Fairly easy to keep and gorgeous, why not try keeping this King in your household?
By Jai Carino (AKP)
Arowanas are often called ‘dragon fish’ because they greatly resemble the Asian Dragon. Their elongated body, large fins, and wing-like pectorals help them swim effortlessly in the top third of the water column, and creates the illusion that they are flying. They also have ‘barbells’ that protrude from their lower jaw, a trait found on illustrations of Chinese dragons.
Usually, they don’t seem to care about any other fish in the tank as long as they’re the only Arowana. Combine all these characteristics and you’ll notice a certain majesty in how they endlessly circle your tank. This is why most people regard the Arowana as the king of the tank.

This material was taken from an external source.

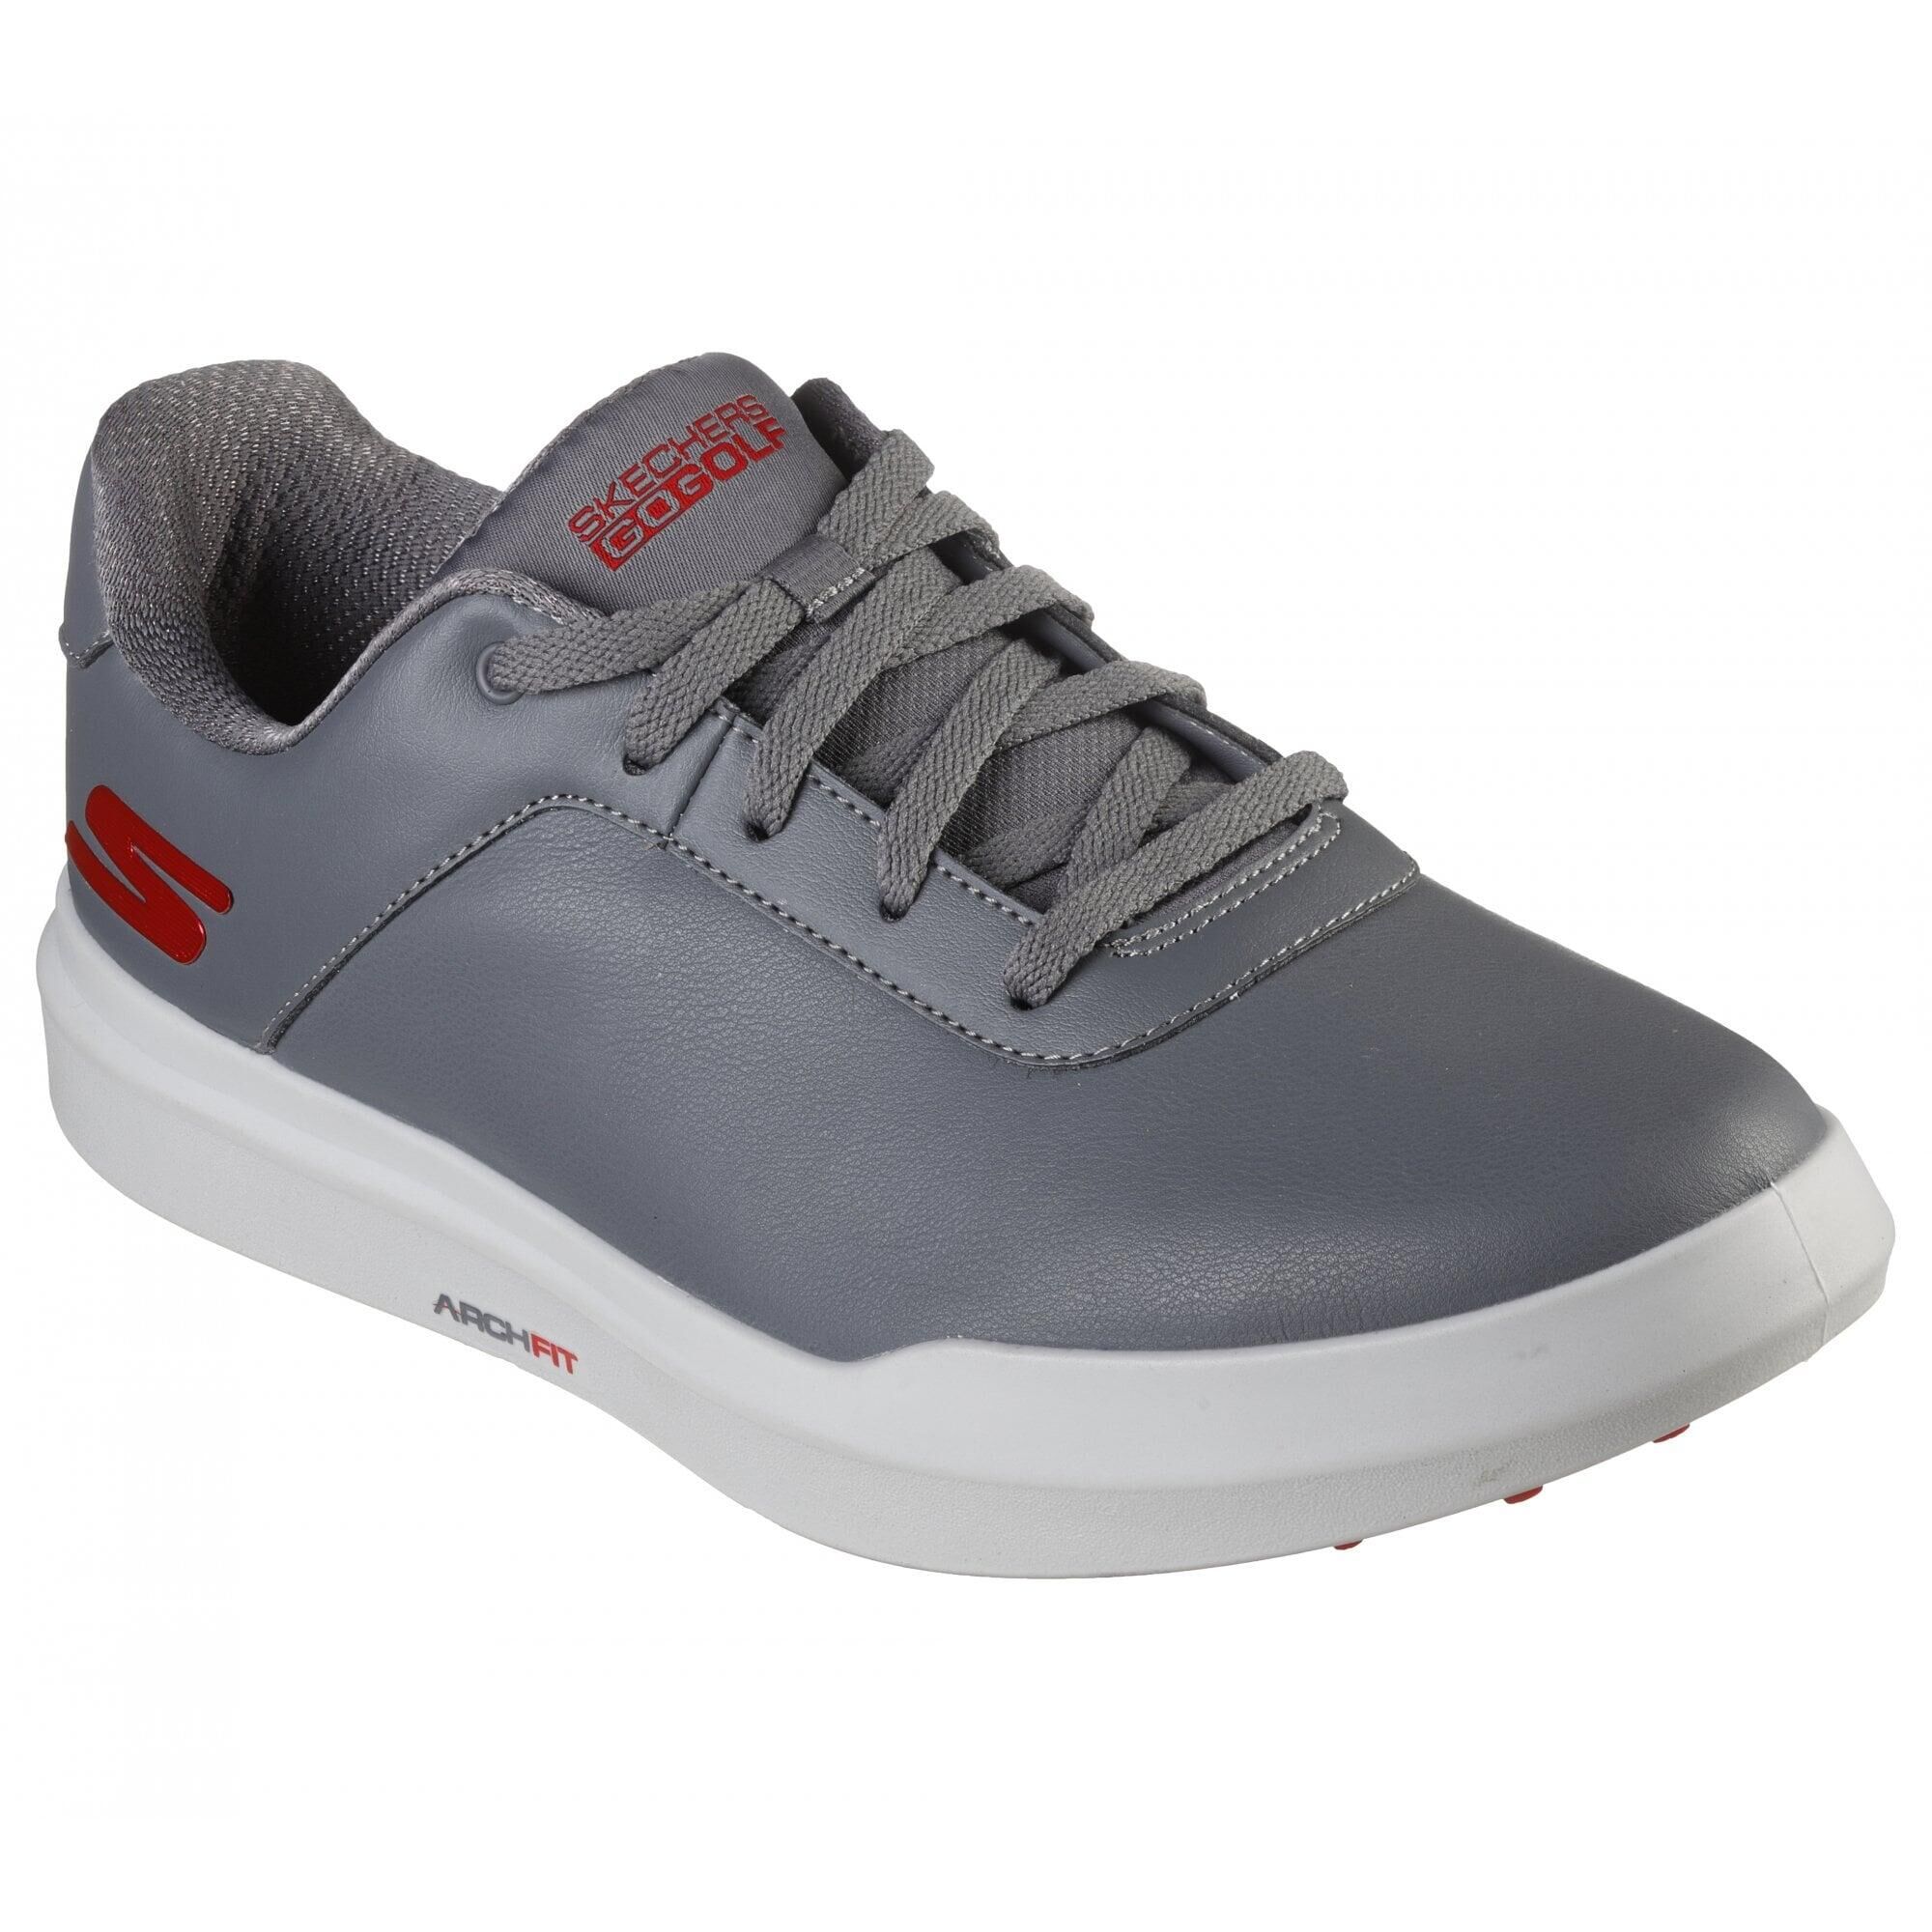 SKECHERS Skechers GO GOLF DRIVE 5 Golf Shoes - Grey/Red

There are 7 different species of Arowana and they all belong to the Osteoglossidae family or bonytongue due to the toothed bone or “tongue” inside its mouth cavity.

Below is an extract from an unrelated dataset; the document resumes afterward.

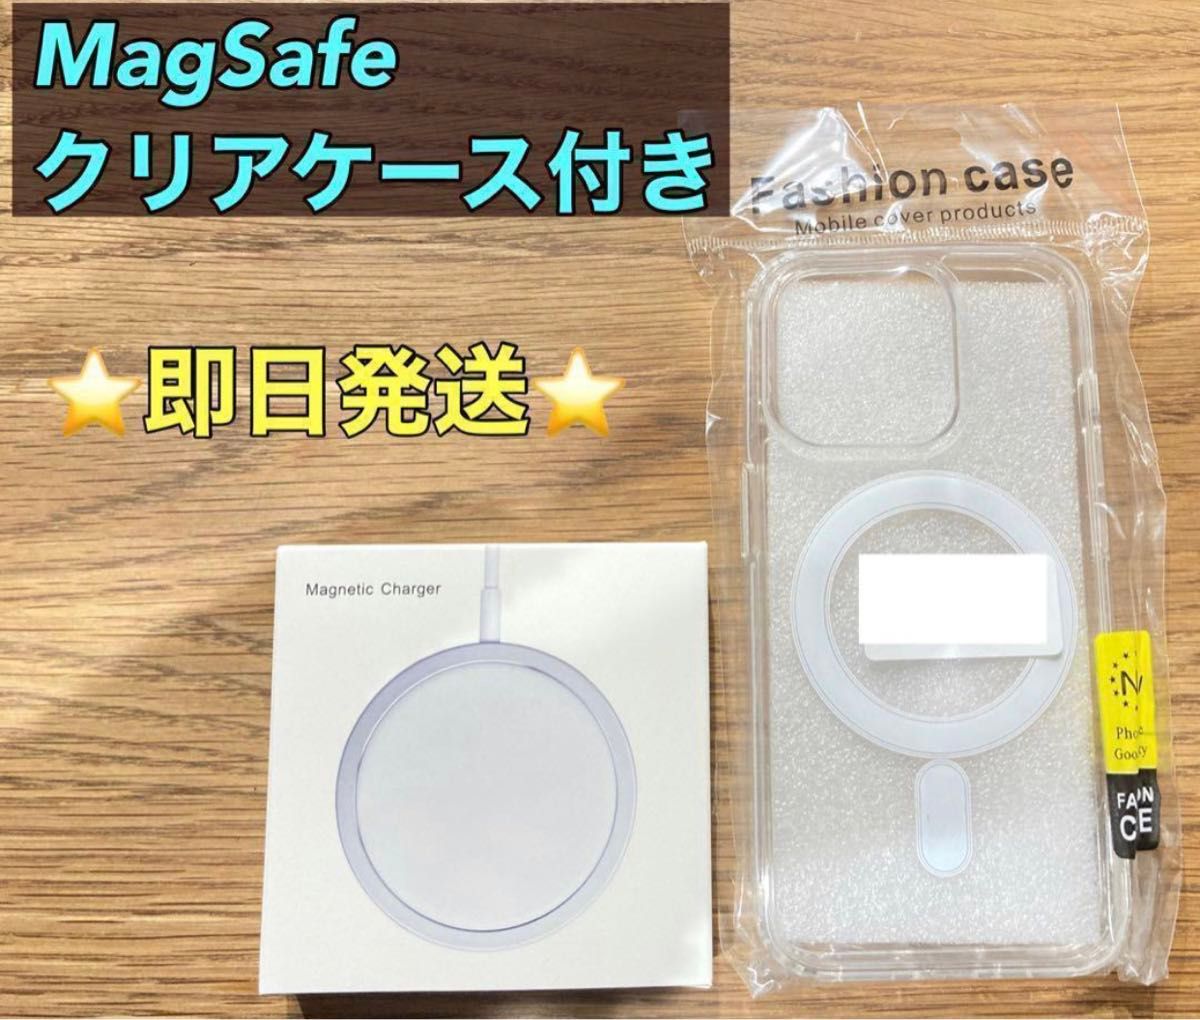 Magsafe マグセーフ ワイヤレス充電器 MagSafe対応クリアケース付き

• Silver Arowana (Osteoglossum bicirrhosum): From the Amazon basin; most common and usually the first Arowana to be kept by hobbyists; reaches sizes of up to 3” (feet) in the wild.

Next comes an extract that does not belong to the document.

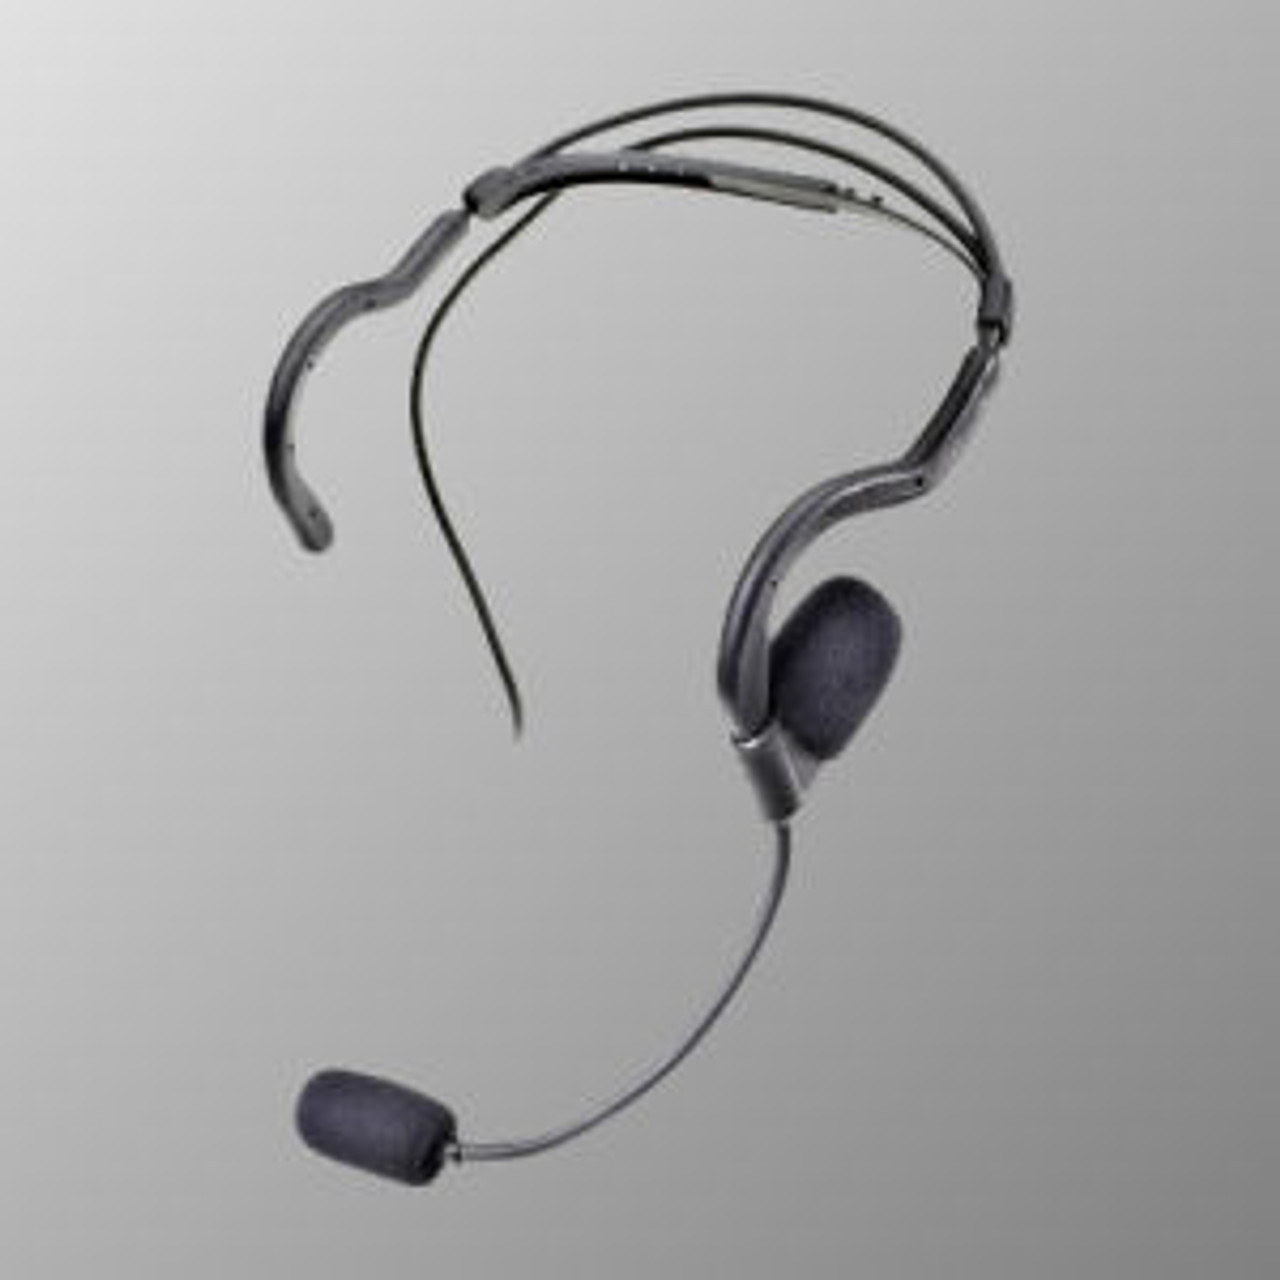 ICOM IC-F21 Tactical Noise Canceling Single Muff Headset

• Black Arowana (Osteoglossum ferreirai): From the Rio Negro basin in the Amazon; often mistaken for the Silver Arowana but has a slimmer profile with its tail tapering to a point; juveniles start out black with vibrant yellow markings then turn an iridescent steel gray; rarity on the Philippine market means it has a much higher price tag than Silvers.
• Jardini (Scleropages jardinii): Often called the Australian Golden; second most common Arowana in the Philippines; has 7-8 rows of scales showing bright yellow to red spots at the edge; great for beginners due to slower growth rate (compared to the Silver) without the hefty price of its Asian Arowana counterparts.
• Asian Arowana (Scleropages formosus): Considered the holy grail of Arowanas; comes in a variety of colors; most common is the Green Arowana followed by the Banjar, which has a yellow to red tail; the Red Tail Golden or RTG has vibrant gold coloration up to the fourth and even the fifth row (High Back Red Tail Golden) of scales; popular variety due to the value that you get, especially since a HBRTG can be had for ₱5,000.
• Crossback: one of the most coveted Arowanas in the hobby; fairly expensive; has golden coloration up to the sixth row of scales, hence the term ‘Crossback’, meaning golden color crossing over the back of the fish; Super Red is the last variation and it is the most prized and expensive; juveniles are pale in color and as they mature, their entire body turns orange or even full red (block red).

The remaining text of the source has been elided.